# question about 2 breeders



## maverickgsd1 (Sep 28, 2009)

I've been looking at kennels for the past year and nailed it down to two kennels.

http://www.24kgsd.com/
http://kirchenwald.com/pages/aboutus.html

Anyone have anything good or bad about either kennel? Im new to the board but not new to having GSD's. Im NOT intrested in doing sch with a dog, I have a GS that I do that with but it's a long story. Im not really into the sable coats but LOVE the black saddle look. im looking for first and fore most a family pet but also like to do obendiance, tracking and maybe agility oh and also therpy would be a good thing again.


----------



## onyx'girl (May 18, 2007)

I am familiar w/ 24Kgsd and you would not go wrong in dealing with Julie. I am not into the showlines, but if I were, she would be the breeder I would go with for certain. She knows what she is doing, and has been at it a very long time. She has integrity and is reputable. Oh, and if you changed your mind and decided to do SchH, her dogs have what it takes as well. 
This thread takes place on her property(she is generous enough to let the club use her place) and the Black & Reds are from her breedings, along with Kenya(the first dog pictured):
http://www.germanshepherds.com/forum/ubbthreads.php?ubb=showflat&Number=1211003&page=1#Post1211003


----------



## maverickgsd1 (Sep 28, 2009)

anyone else chiming in?


----------



## Liesje (Mar 4, 2007)

I have two dogs from Julie (24K), and she has used Gayle's stud Gorbi vom Kirchenwald for a few litters (I've seen him show twice, but not "met" the dog personally).
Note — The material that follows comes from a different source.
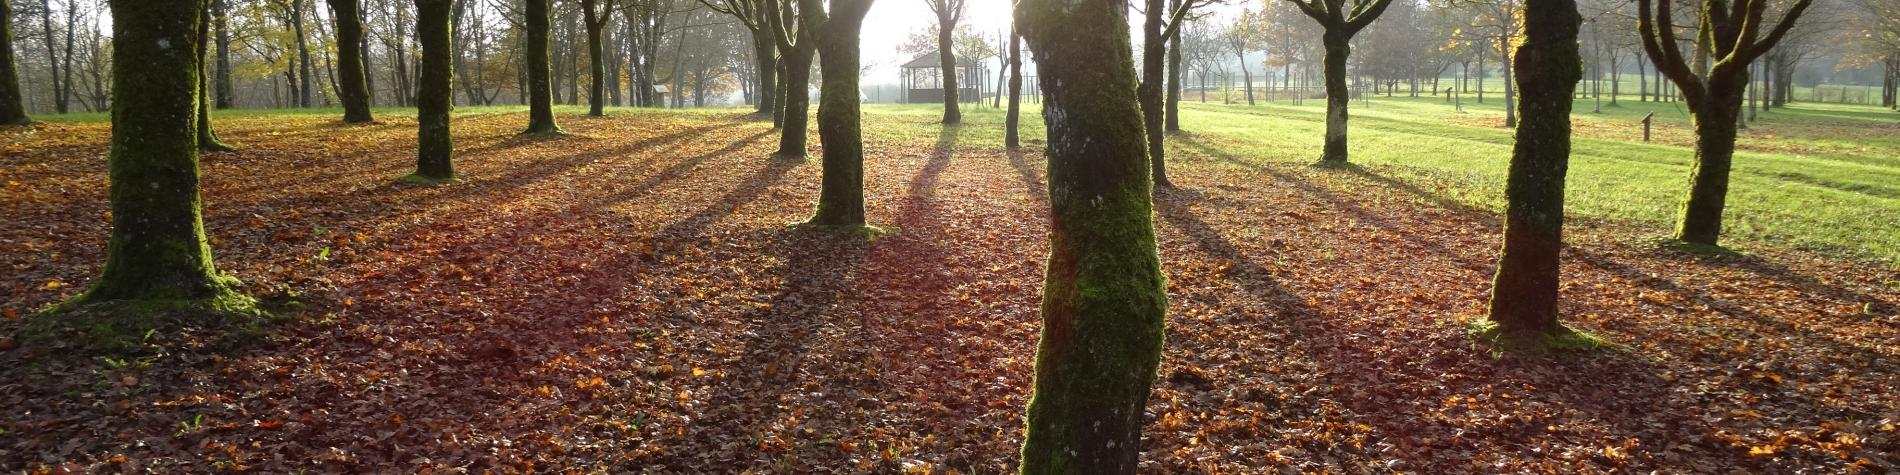 Tapis de feuilles mortes, soleil rasant et arbre en hiver

If you like both, maybe see if Julie plans to use Gorbi for future breedings (I think Gayle owns two of Julie's dogs from the past breedings).
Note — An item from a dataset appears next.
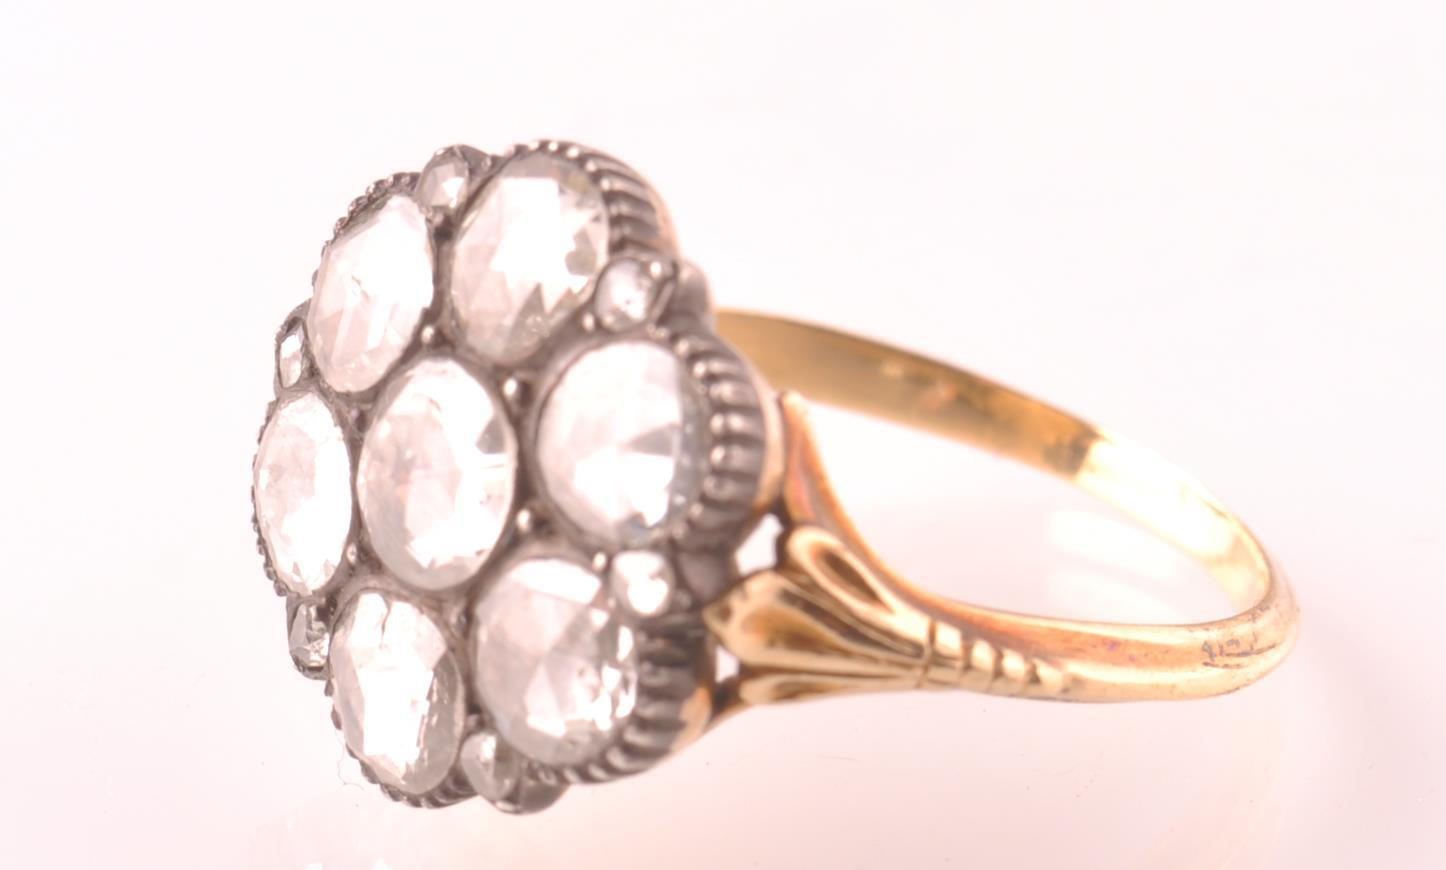 Lot 24 - 19TH CENTURY ROSE CUT DIAMOND CLUSTER RING

For what you are looking for, both are great choices. 

Julie's dogs have great temperament for being companions. They are not nervy. Great house dogs too, she keeps most of the dogs in the house and keeps them together. The pups are born in the house and get LOTS of socialization (many people of all ages come to visit, we handle them a lot, take them outside, they go for car rids, etc). Several of Julie's dogs have been or are currently in Leader Dogs for the Blind programs. My older 24K dog is different lines than Julie is breeding now but is titled in conformation, rally obedience, Dog Sport obedience, agility, and has her CGC, herding instinct test, temperament test, and therapy dog evaluation. My younger dog (true to the lines and type she is currently breeding and training) is training in SchH and dock diving. I will also be starting agility in April (waiting for him to mature physically and my agility club does not train in the winter). He has been tested on sheep and would be herding if there was not a waiting list for the local trainer. He's a very social dog, loves people and loves my other dogs. He's been easy in the house, is currently sleeping at my feet. They are very versatile dogs, no extreme conformation or temperament. Great for companionship and many sports!

I am working with Julie on an updated web site. Here is my current draft which has a few more pictures of her current dogs and progeny:
http://www.dutchbingo.net/personal/24KGSDtest/dogs.html


----------



## Vinnie (Sep 4, 2001)

I have NO personal experience with those 2 breeders (haven't even looked at their websites).
But to "chime in"


> Originally Posted By: maverickgsd1im looking for first and fore most a family pet but also like to do obendiance, tracking and maybe agility oh and also therpy would be a good thing again.


Would you consider a rescue?


----------



## maverickgsd1 (Sep 28, 2009)

> Originally Posted By: maverickgsd1im looking for first and fore most a family pet but also like to do obendiance, tracking and maybe agility oh and also therpy would be a good thing again.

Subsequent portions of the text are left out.